Fig. 3 illustrates changes in testing, incidence and proportion testing positive (PTP) by epidemiological week during the two waves of infection that occurred during the study period, namely Delta (between epidemiological weeks 15 and 40 in 2021) and Omicron (epidemiological weeks 46 - 51 in 2021).Whilst all indicators follow the similar trends, rates are lower in sewershed O.
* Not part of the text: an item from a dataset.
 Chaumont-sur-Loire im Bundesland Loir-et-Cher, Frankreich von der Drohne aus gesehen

Relationship between clinical case data and socioeconomic status
Correlation matrices for sewersheds D and O reveal that clinical indicators (PTP, cumulative incidence and testing rates) do not exhibit consistent relationships with demographic, or socio-economic indicators within and between sewersheds (Fig. 4). In sewershed O, PTP correlates with indicators associated with poverty (access to and use of shared sanitation, % of the population with income below USD 90, and COVID-19 index (% unable to implement COVID-19 preventive measures)), whilst this relationship is not evident in the more affluent sewershed D. In sewershed D, it appears that PTP and cumulative incidence are correlated with quality of life, use of public transport and proportion of persons with income below USD 90, suggesting that economic conditions influence access to testing, in turn leading to apparently low cumulative incidence. Taken together, in areas with poorer socio-economic conditions, testing rates and cumulative incidence may not reflect disease burden, whilst PTP better reflects disease risk.
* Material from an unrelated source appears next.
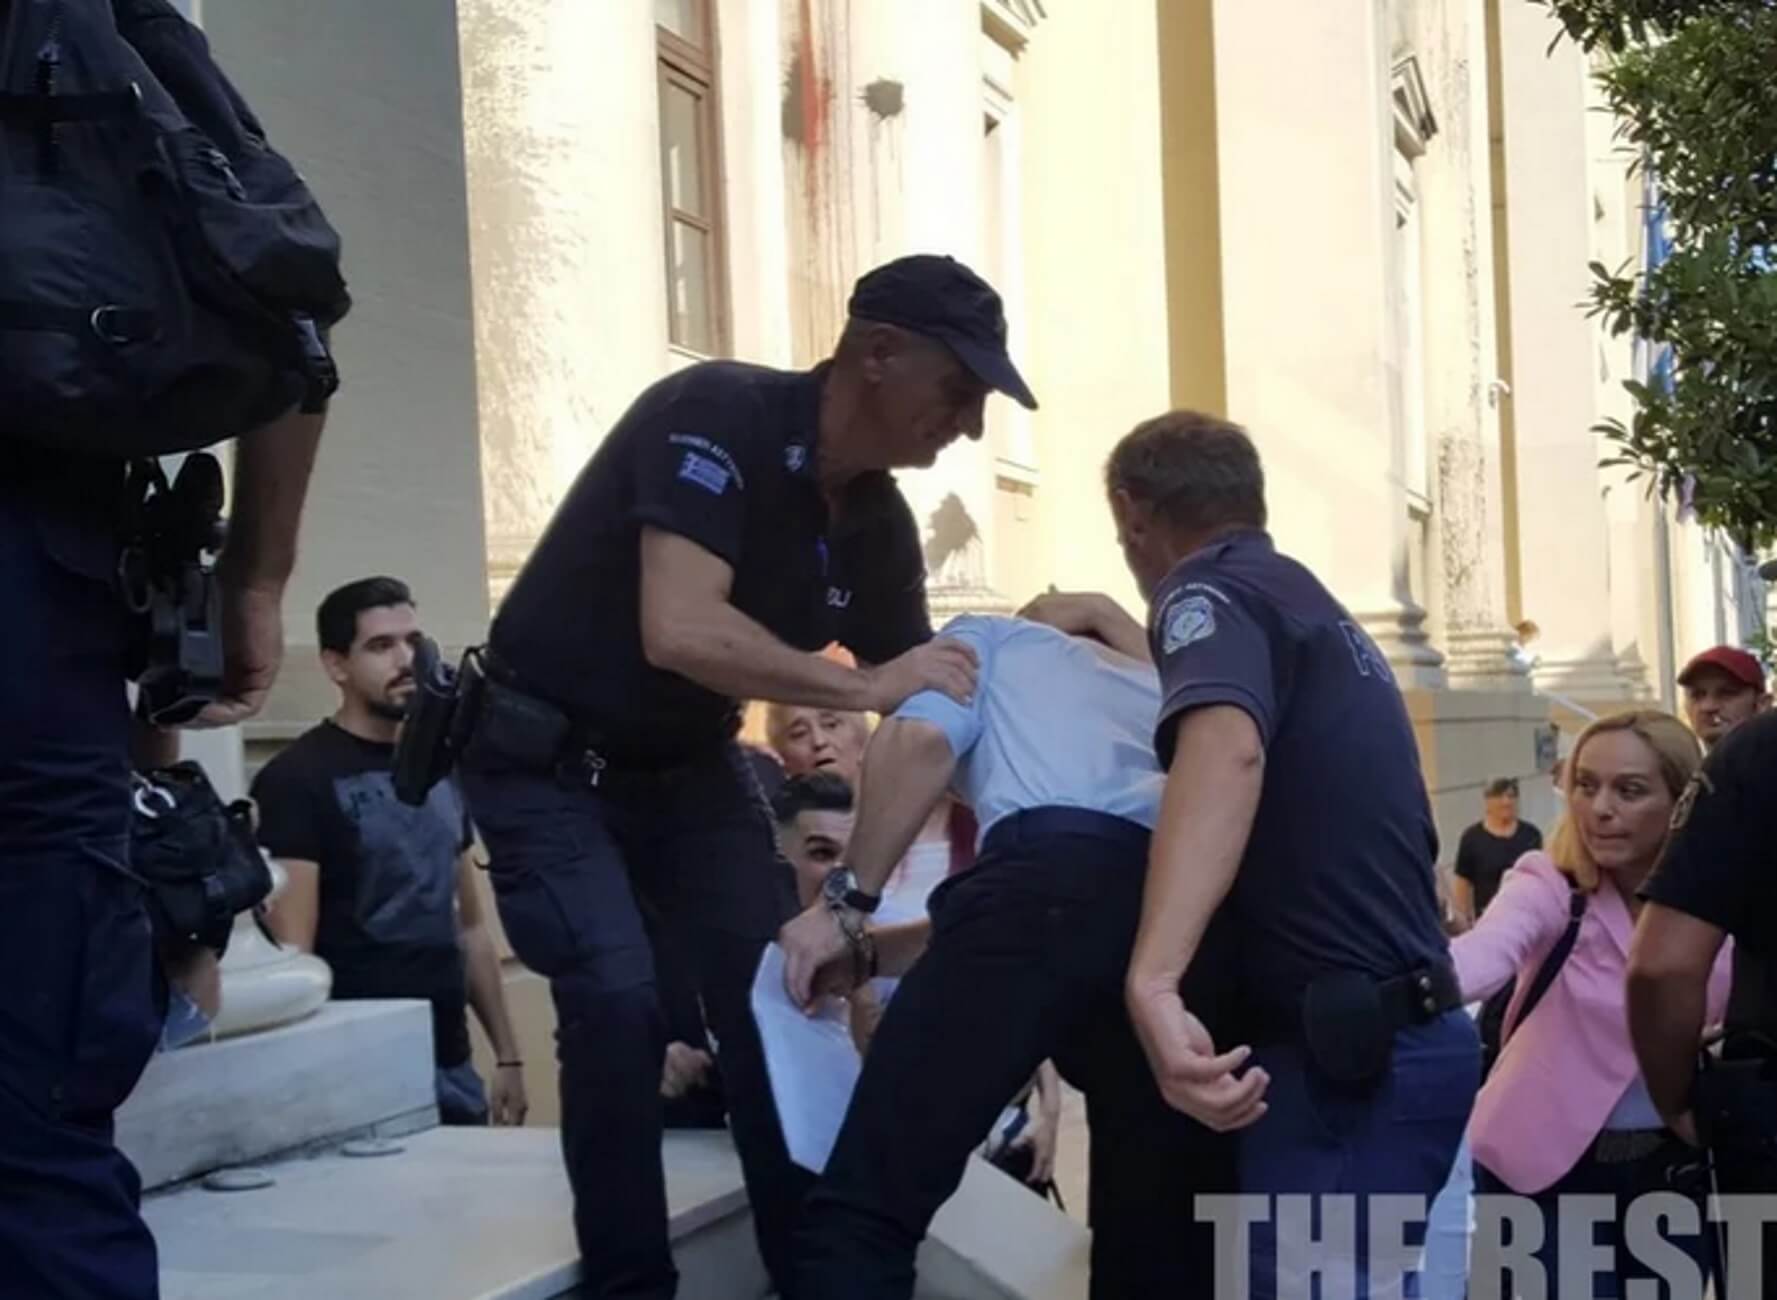 Ζάκυνθος: “Σκότωσα τον πατέρα μου από αγανάκτηση” – Αποθεώθηκε ξανά στα δικαστήρια ο νεαρός πατροκτόνος – video

Scree plots for sewershed D and O demonstrate that 76.7% and 77.5% of data are explained by dimensions 1 and 2 (Fig. S1). The variable loading plot for sewershed D indicates that access to shared sanitation, reliance on non-sewered toilets and population groups under 60 years of age contributed the most to composition of dimensions 1 and 2 (Fig. S2a) whereas in sewershed O, population group under 60 years of age, testing rate and cumulative incidence rate contributed the most to the composition of dimension 1 and 2 (Fig. S2b). In both sewersheds, testing rate and cumulative incidence contributed to dimensions 1 and 2, but the proportion test positive and refused COVID testing variables contributed minimally.
The biplots (Fig. 5) demonstrate that SARS-COV-2 testing and incidence rates contribute equivalent influence and spatial distribution on socioeconomic factors for both sewersheds, whilst the proportion test positive indicator was much less affected by socioeconomic factors. In the biplot for sewershed D, access to healthcare and refused access to COVID testing are more associated with cumulative incidence and testing rates, while only refused access to COVID test is associated with the two clinical variables in sewershed O. In sewershed D, the clustering of the Quality of Life score and the greater than 60 years age group as well as the clustering of COVID-19 Index with income below USD90 indicated these variables are influenced by and can inform one another. In sewershed O, struggled to access health care and Quality of Life score illustrated similar clustering with the COVID-19 Index and access to public transport.
Quantitative SARS-CoV-2 surveillance in wastewater
Wastewater concentrations of SARS-CoV-2 and geolocated laboratory-confirmed SARS-CoV-2 cases in sewersheds D and O were significantly correlated in each sewershed, though less so in sewershed O (Spearman’s correlation coefficient 0·723 (p<0.001)), 0.476 (p=0·020) for sewersheds D and O respectively). In each sewershed, higher concentrations and case-loads were observable during the Delta and Omicron waves that occurred during the study period (Fig. 6) and both reached an ebb during weeks 40-42 of 2021. Wastewater concentrations (measured in log genome copies per millilitre) for both sewersheds ranged between 0·5 and 3·5 log copies/mL and were at similar concentrations in the same epidemiological week. Weekly laboratory-confirmed case-counts followed similar trends despite different population sizes in the two catchments.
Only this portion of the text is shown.